In terms of rattle experiments, Couderc et al. designed and built early an experimental setup of a vehicle driveline for the prediction of the dynamic behavior of vehicle drivelines. It is concluded that the simulation model validated by the experimental setup could provide transient response truly [16]. Bellomo et al. analyzed the contribution of individual sound source to the overall rattle noise by means of noise-source analysis and proposed a pareto-optimal solution to reduce the rattle noise emission, utilizing a rattle test bench [17]. This improved test bench reproduced the branched driveline system, rather than the one-string driveline system in [16]. Forcelli et al. set up a virtual engine simulator for automotive transmission and conducted a parametric sensitivity study for amplitude of the torsional vibration. Moreover, a relationship between the vibroacoustics measurements and the human perception was found [18]. Barthod et al. analyzed the rattle threshold and the rattle noise evolution for different multiharmonic excitation parameters and mechanical gearbox parameters through a bench test [19]. Crowther and Rozyn introduced a gear rattle test rig, in which the electric motor drives the transmission at a steady mean speed via a double telescoping Hooke’s joint. By changing the angle of the joints, the amplitude of the vibration could be adjusted [20]. Baumann and Bertsche built one gear pair test rig for rattle research and compared the rattle intensity under different lubricant oil condition. It is found that adopting high viscosity oil could inhibit rattle phenomenon when angular acceleration of the input shaft is larger [21]. Brancati et al. set up a specific test rig for one lightly loaded gear pair, which is able to acquire the relative rotation motion of gears by two high resolution incremental encoders. Based on measurement data from this test rig, a gear rattle metric based on the wavelet multiresolution analysis was proposed [22].

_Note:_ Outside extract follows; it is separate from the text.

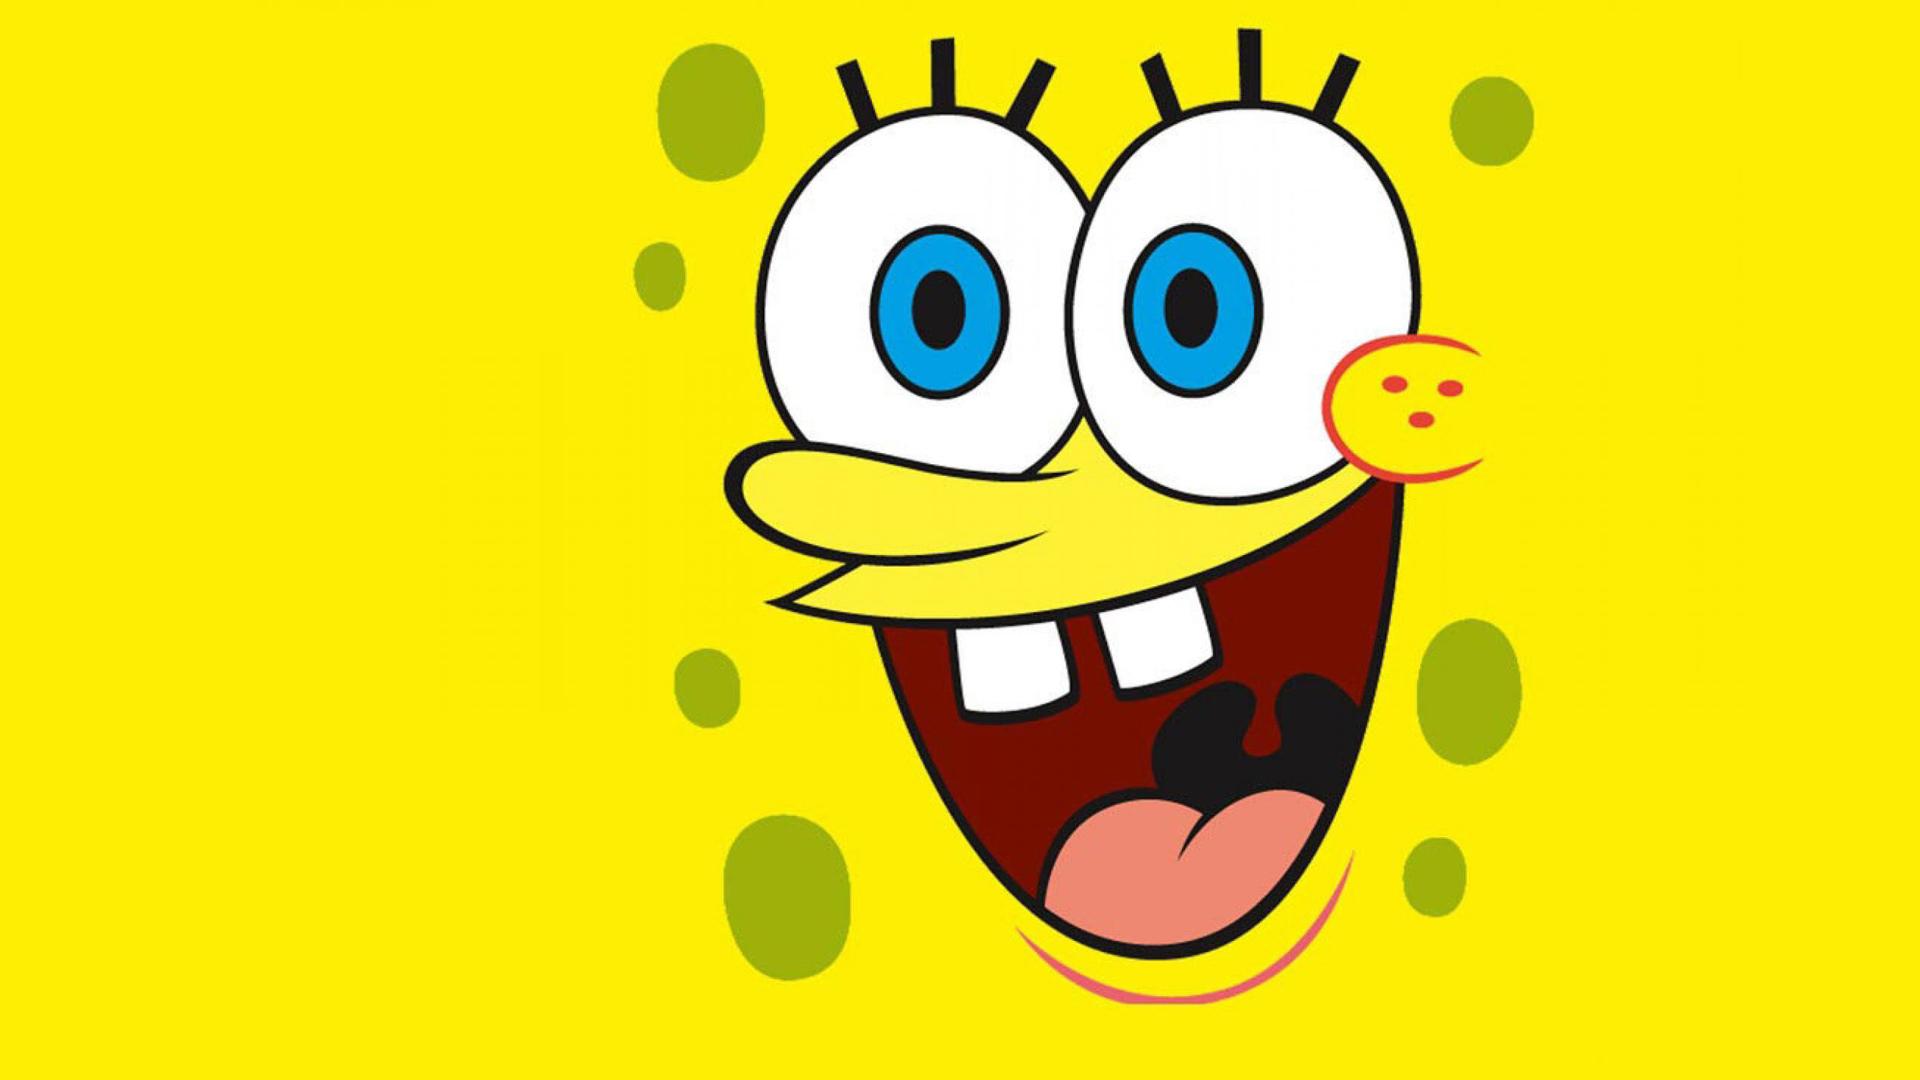 Spongebob Squarepants Wallpaper Hd wallpaper   942308 1920x1080

The clutch damper is a component of drivelines that could have significant influence on the torsional dynamic behavior of drivelines. Gear rattle phenomenon can be greatly reduced by opportunely setting some clutch parameters such as the multistage torsional springs. Steinel examined the influence of the twin-mass flywheel on the driveline natural characteristics and transient responses. It was shown that the twin-mass flywheel was the ideal solution for drivetrains of which the vibrations could not be reduced sufficiently if there was no need for the consideration of costs [23]. Prasad et al. found that elimination of gear rattle could be achieved by maximizing the hysteresis of clutch thereby absorbing the energy being transferred through the subjective and objective evaluation in the passenger bus experiment [24]. But it is obvious that maximizing the hysteresis of the clutch damper would reduce the transmission efficiency of the powertrain system. Xu et al. introduced a novel clutch damper with three-stage stiffness and solved the rattle phenomenon effectively in low torque condition compared with the damper with two-stage stiffness by vehicle experiments [25]. Similarly, many research scholars found that the clutch damper property plays an important role in reducing driveline vibration and rattle phenomenon [26, 27].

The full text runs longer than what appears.